Monday, June 22, 2009

An offering to the idiot me

This past year in Corpus Christi and this trip as a sort of capstone has been such an education in my relationship with where I live. I've thought of my communities as a static thing, with a character independent from me.

I'm grateful to have moved so much, growing up and in the Navy, but now, processing what I've been seeing my whole life, I'm realizing how much work goes into making a town what it is, how if feels, how well it works. How much my neighbors have contributed to what I've always taken for granted. What I call a viable downtown or a walkable community is so much hard work by real people I don't know. I've been arrogantly dismissive of towns in which I've lived, I'm ashamed to say, as if they were built for my own approval, like some sort of plug and play module, a decision matrix, and not generations of labor and love and mistakes and tragedy.

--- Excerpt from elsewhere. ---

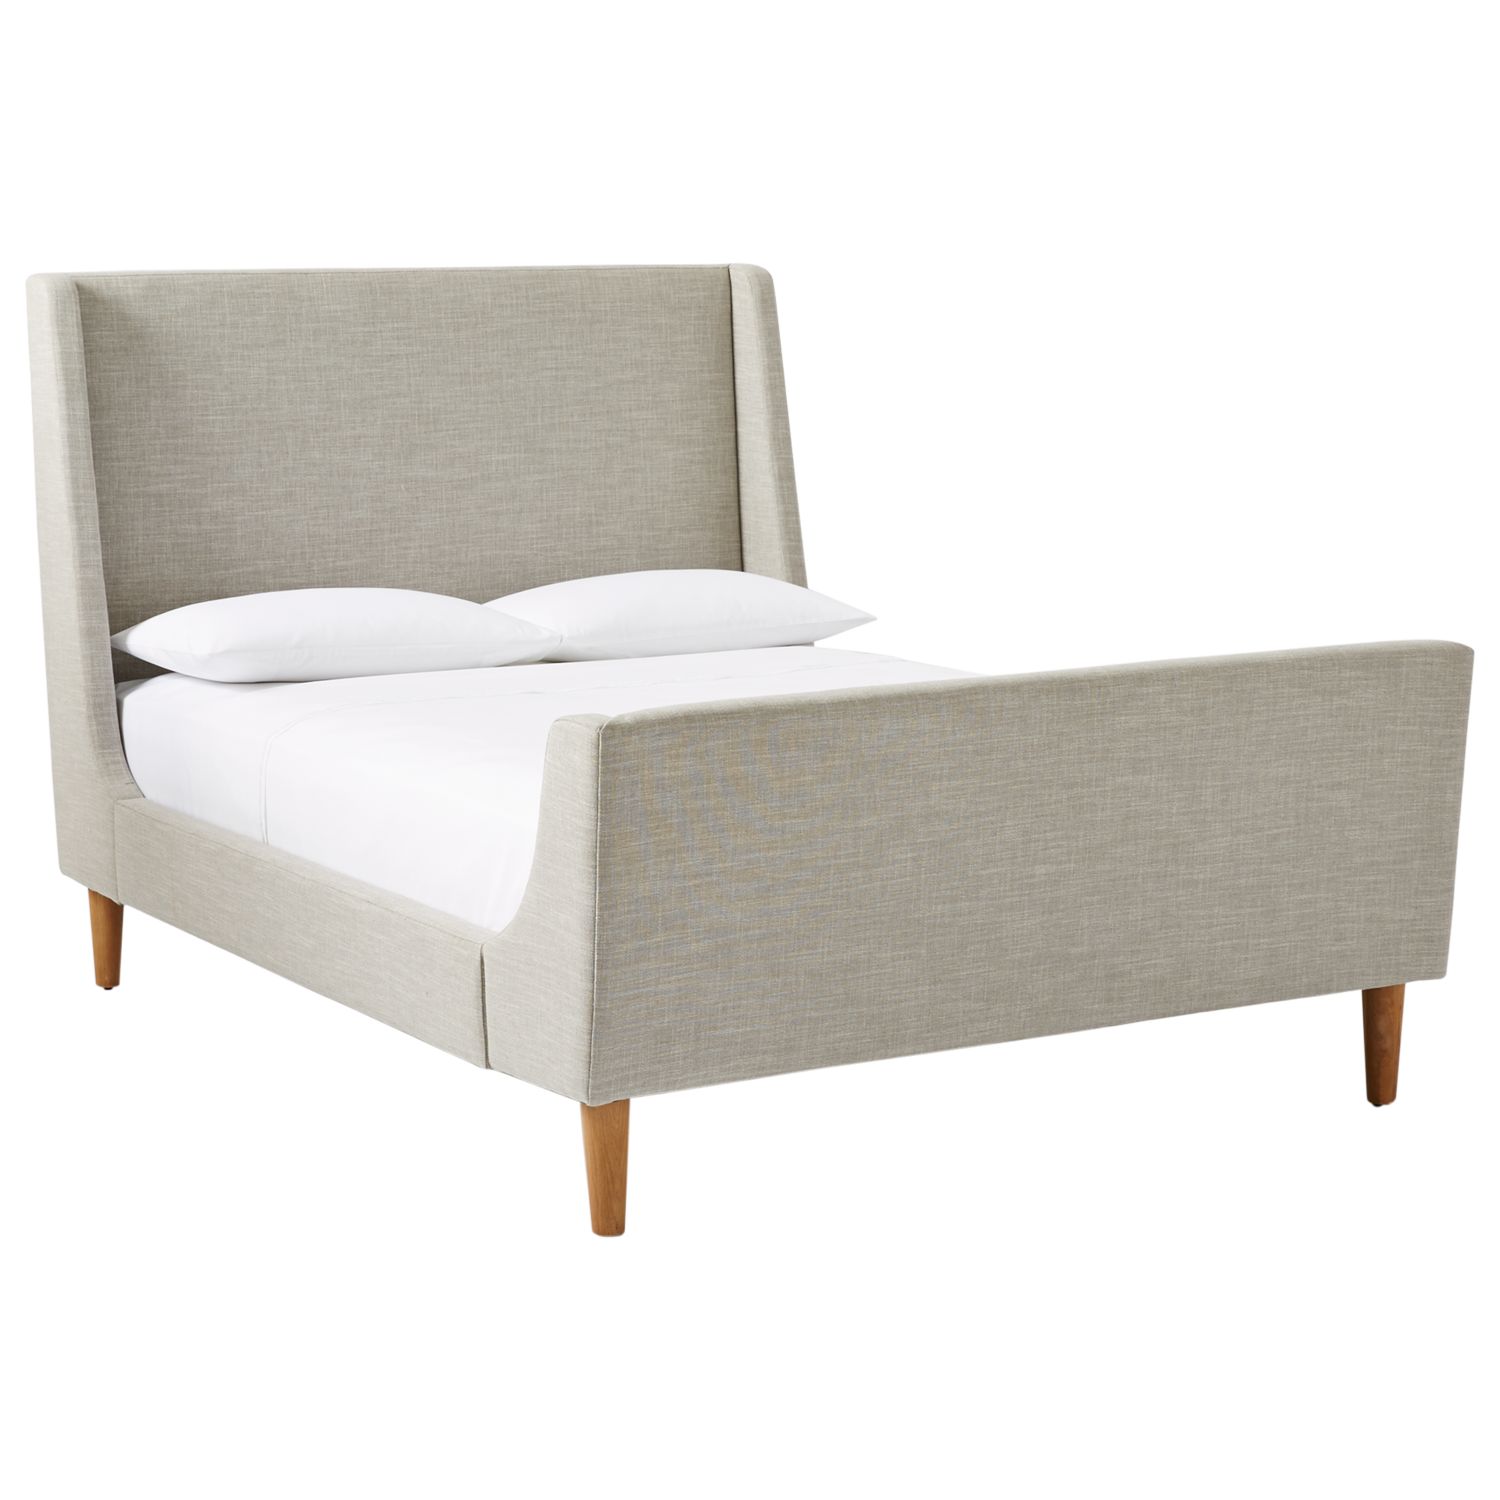 west elm Upholstered Sleigh Bed, King Size

I don't want to leave the friends I've made in Corpus Christi. Just the other day a good friend told me that moving away from friends ages you prematurely and I feel it now. I know I don't have to, that they're just four hours south of Austin and we will visit, but, I don't want to replace them. I don't want to meet a new surfer dude or wacky Frenchman or gourmet eurotrash. I don't want to make new friends at the bike shop. For the first time ever, I'm regretting leaving a town and it's because for the first time ever, I have a connection to a place through the folks that live there. For the first time ever, I'm not a tourist; I've contributed a little something, something to offer young Zak for approval.